Fresh travel misery for rail passengers

Rail passengers face a third consecutive day of disruption on Thursday because of a strike by train drivers which will again cripple services.

Members of Aslef at LNER, TransPennine Express and Northern Trains will walk out for the day following similar action over the past two days at other operators.

Aslef is embroiled in a near two year long dispute over pay and conditions, which is now the longest ever in the railway industry.

Disruption is also likely on the day after strike action and services may start later and finish earlier than usual.

Northern said it will also not run any services on Thursday.

LNER will run more than 40 services between London, Edinburgh and West Yorkshire, equivalent to around a quarter of its usual timetable.

Aslef members at 16 train operators are continuing with a week-long ban on overtime which will also cause disruption to services until the weekend.

The Rail Delivery Group (RDG) has invited Aslef to a meeting to try to find some common ground before negotiations can restart, raising tentative hopes of a breakthrough.

Aslef general secretary Mick Whelan speaks to the media on a picket line at Euston train station in London
Aslef general secretary Mick Whelan speaks to the media on a picket line at Euston train station in London (Jordan Pettitt/PA)
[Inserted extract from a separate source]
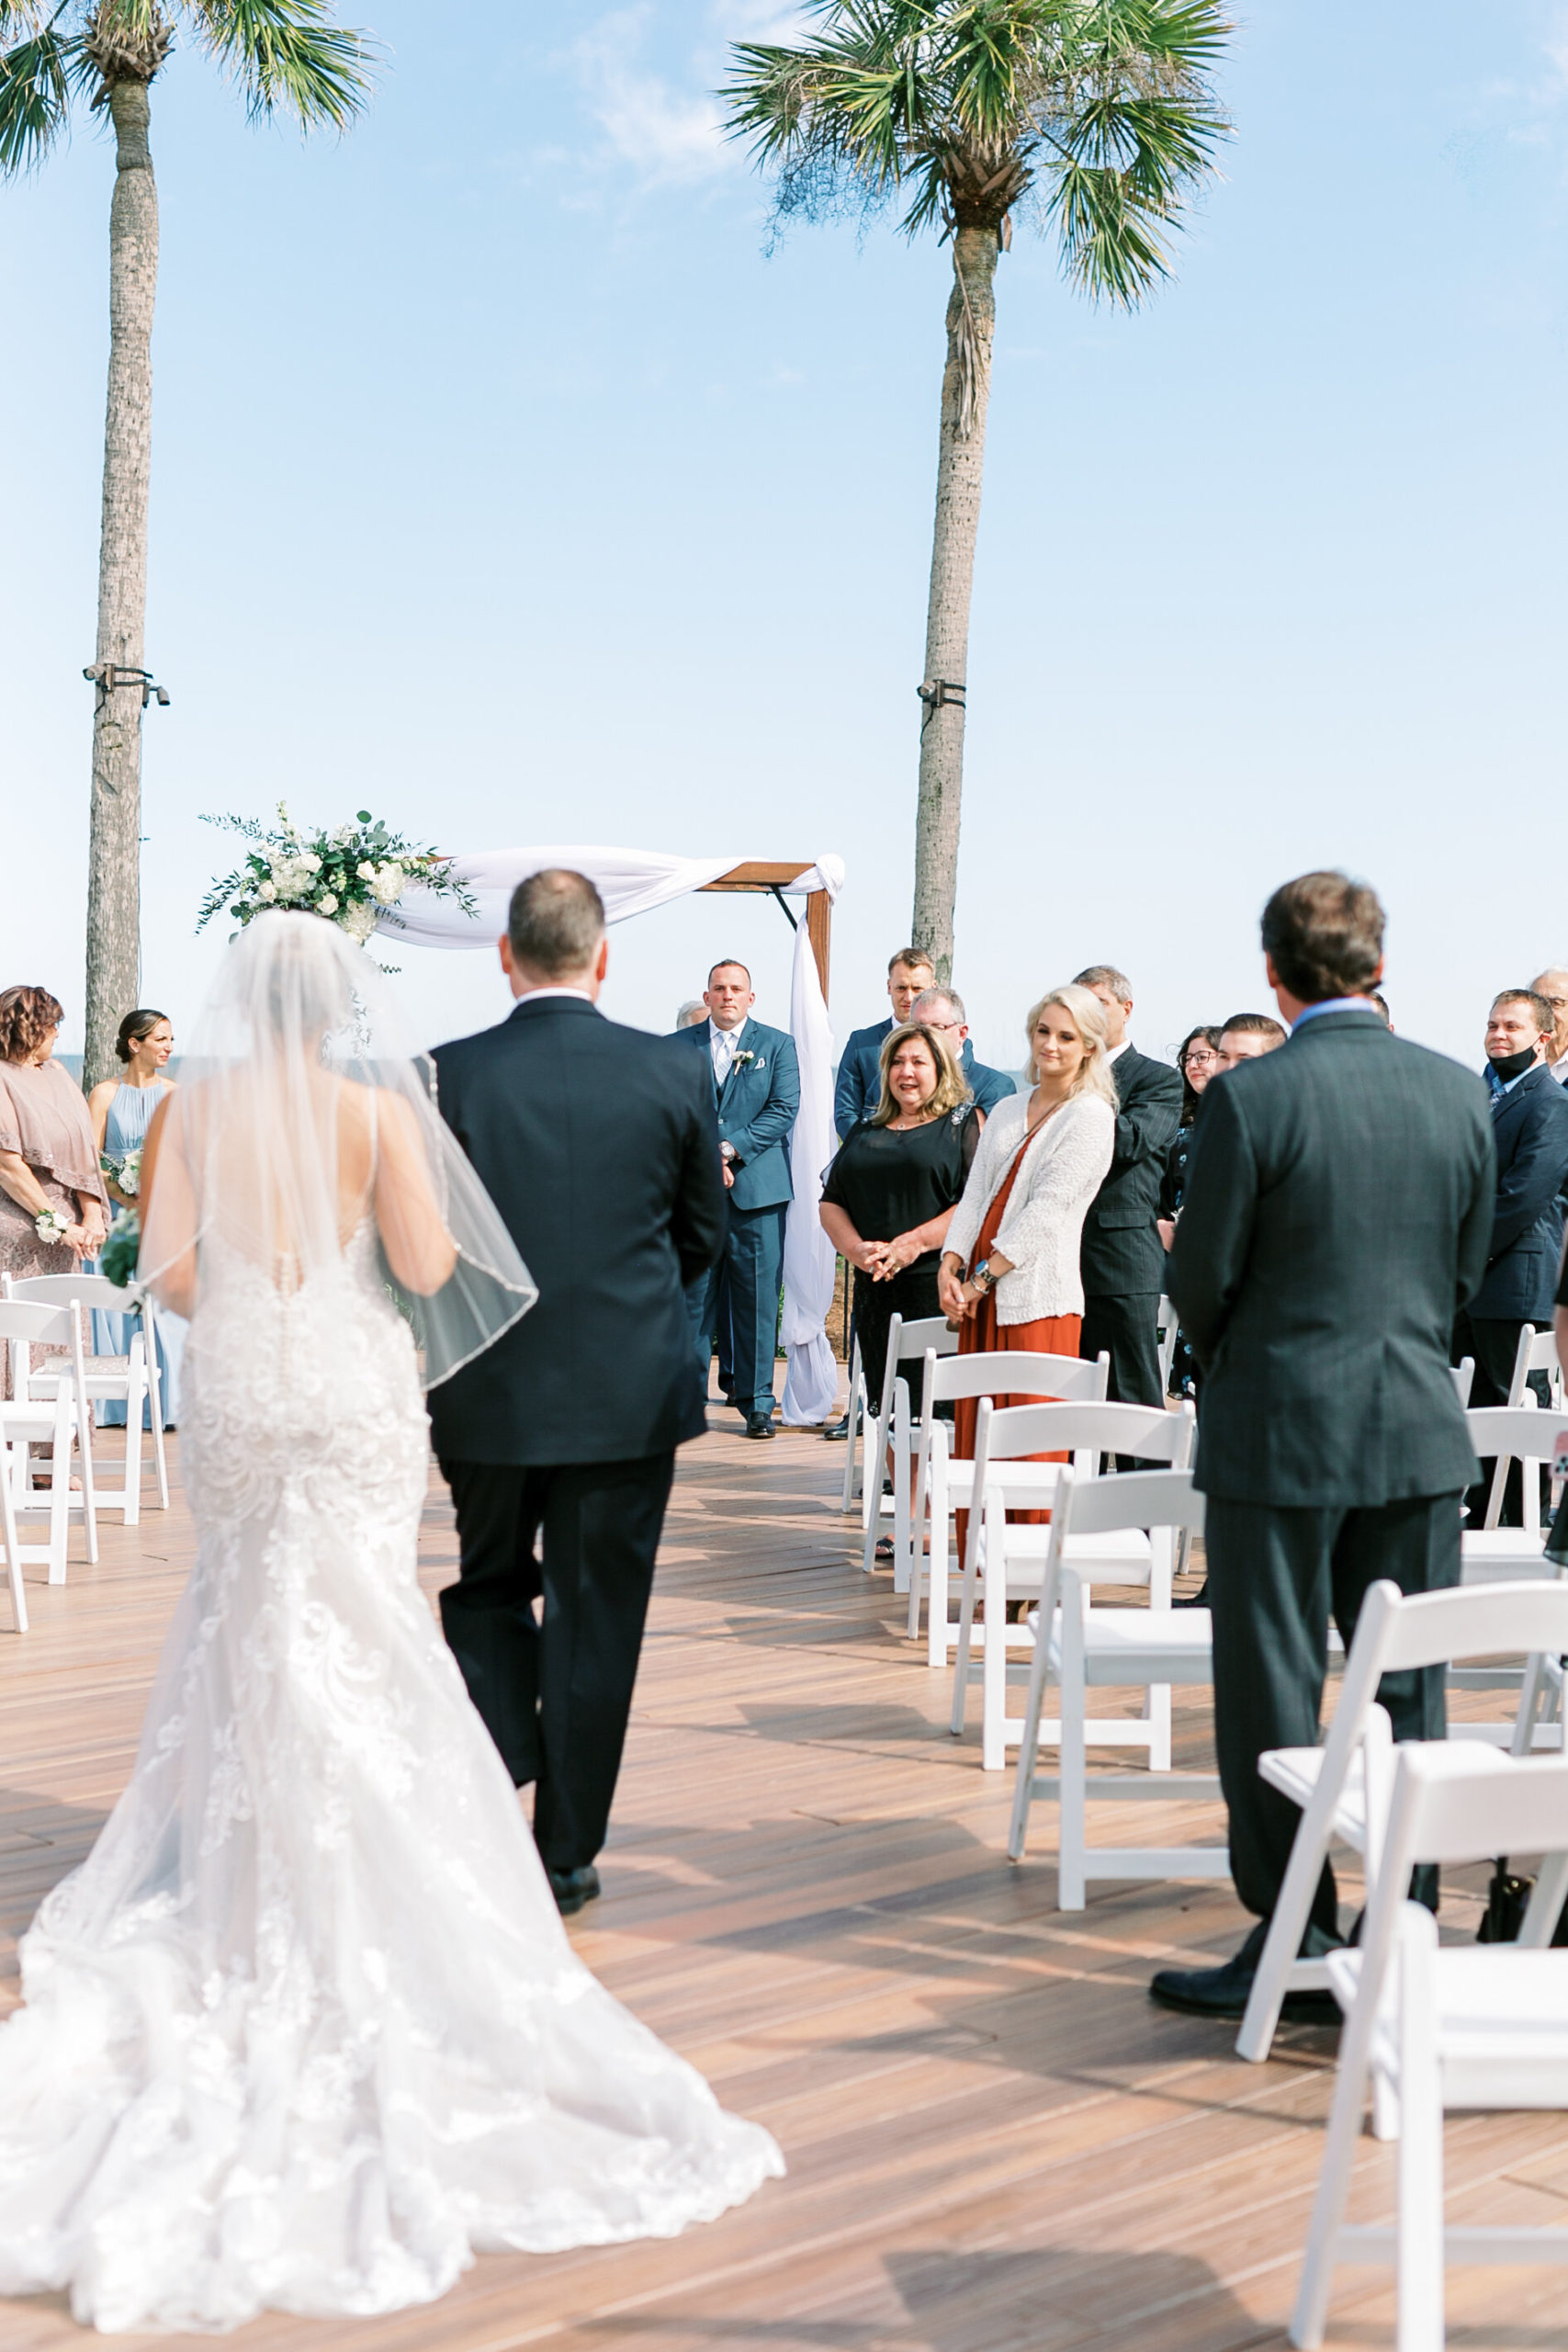 Hilton Head wedding photographer gets shot of bride walking down the aisle at seaside wedding ceremony

Mick Whelan, general secretary of Aslef, said pay deals at the 16 Train Operating Companies (TOCs) involved in the dispute ran out in 2019, adding: “Train drivers at these TOCs have not had an increase in salary for five years. That is completely wrong.

“The employers and the Government think we are going to give up and run away. They’re wrong.”

Pubs close to railway stations are suffering losses on strike days, often having to cancel music gigs and other events.

None of the train companies involved in the dispute are using the new law aimed at ensuring a minimum level of service during strikes.

Unions have warned that the law is unworkable and potentially dangerous if rail passengers believe a certain number of trains will run on strikes days.

The RDG said the strikes were inflicting more damage to the rail industry, which it added was receiving up to an additional £54 million a week in taxpayer money.

The Department for Transport said the Transport Secretary and Rail Minister had facilitated a pay offer that would take train drivers’ average salaries up to £65,000 a year, almost twice the UK average.